I'm using an AWS-managed Aurora PostgreSQL v15 instance as catalog for a large number of S3 objects. The level1_dataset table has about 2 billion rows and its schema has a metadata JSONB column. An old software bug caused the string null to be written to the metadata column (instead of leaving it empty) when no metadata were supposed to be written. About a billion rows contain the sting null and I want to clean it with:

UPDATE public.level1_dataset
SET "metadata" = NULL
WHERE "metadata"::text = 'null';

The database is hosted on a db.r6g.2xlarge with 8 vCPU cores and 64 GB memory. With this setup, and leaving all tuning to defaults, I'm getting about 42 seconds/million rows. Temporarily changing CPU cores and memory for this cleanup task is possible.

What is the most efficient way to proceed?

UPDATE: One of @laurenz-albe's approaches is to do it in batches. This is how I did it because, in my case, "id" is UUID, not integer. The SELECT has a 10% penalty in my use-case.

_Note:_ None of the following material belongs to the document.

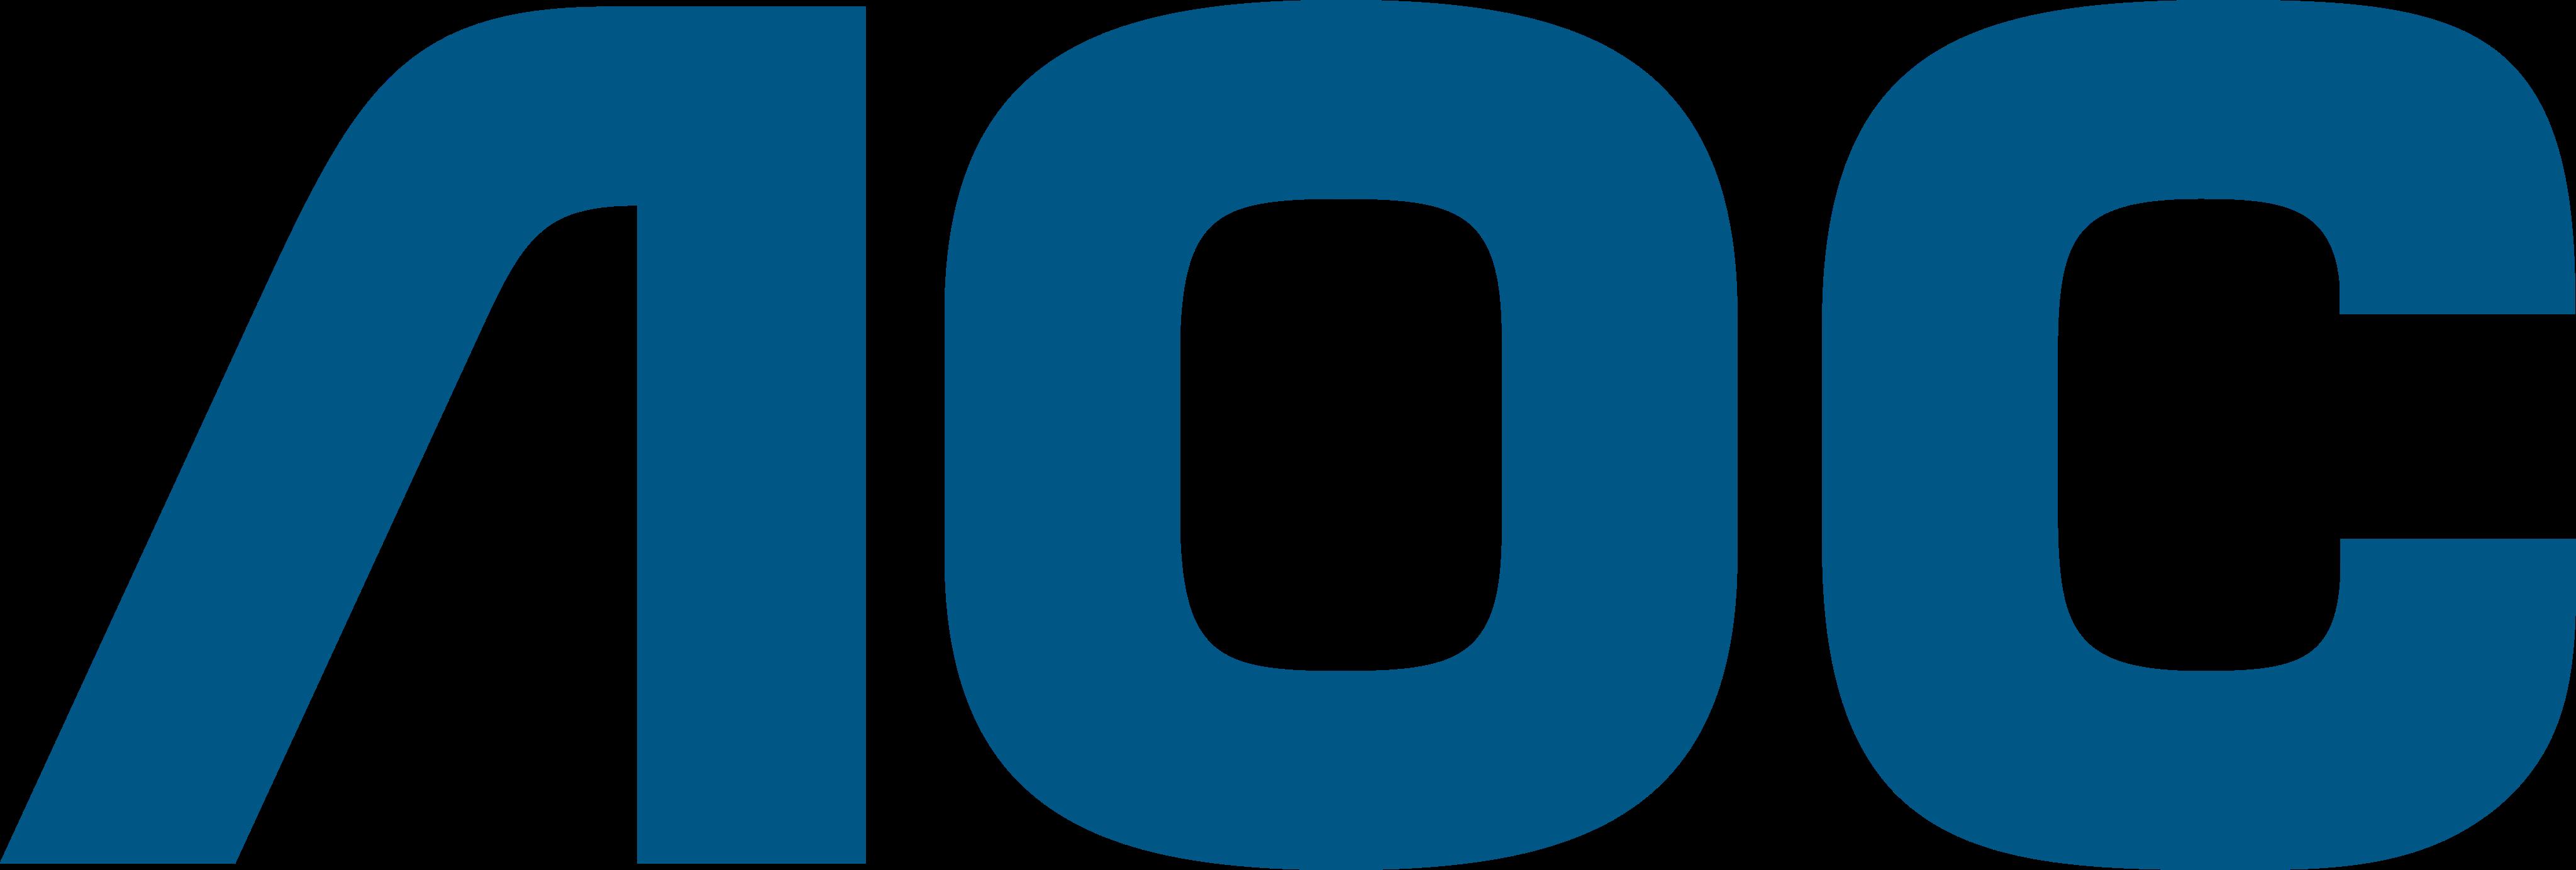 aoc logo 1 - AOC Logo

UPDATE public.level1_dataset
SET "metadata" = NULL
WHERE "id" IN (SELECT "id"
    FROM public.level1_dataset
    WHERE "metadata"::text = 'null'
    LIMIT 10000000);

Best Answer

The fastest way is probably

CREATE TABLE xy AS
SELECT NULLIF(metadata, 'null') AS metadata, ...
FROM level1_dataset;

DROP TABLE level1_dataset;

ALTER TABLE xy RENAME TO level1_dataset;

But that requires you to take down time.

Other than that, update in batches and VACUUM in between:

UPDATE public.level1_dataset
SET "metadata" = NULL
WHERE "metadata"::text = 'null'
AND id BETWEEN 1 AND 10000000;

VACUUM public.level1_dataset;

UPDATE public.level1_dataset
SET "metadata" = NULL
WHERE "metadata"::text = 'null'
AND id BETWEEN 10000001 AND 20000000;

VACUUM public.level1_dataset;

...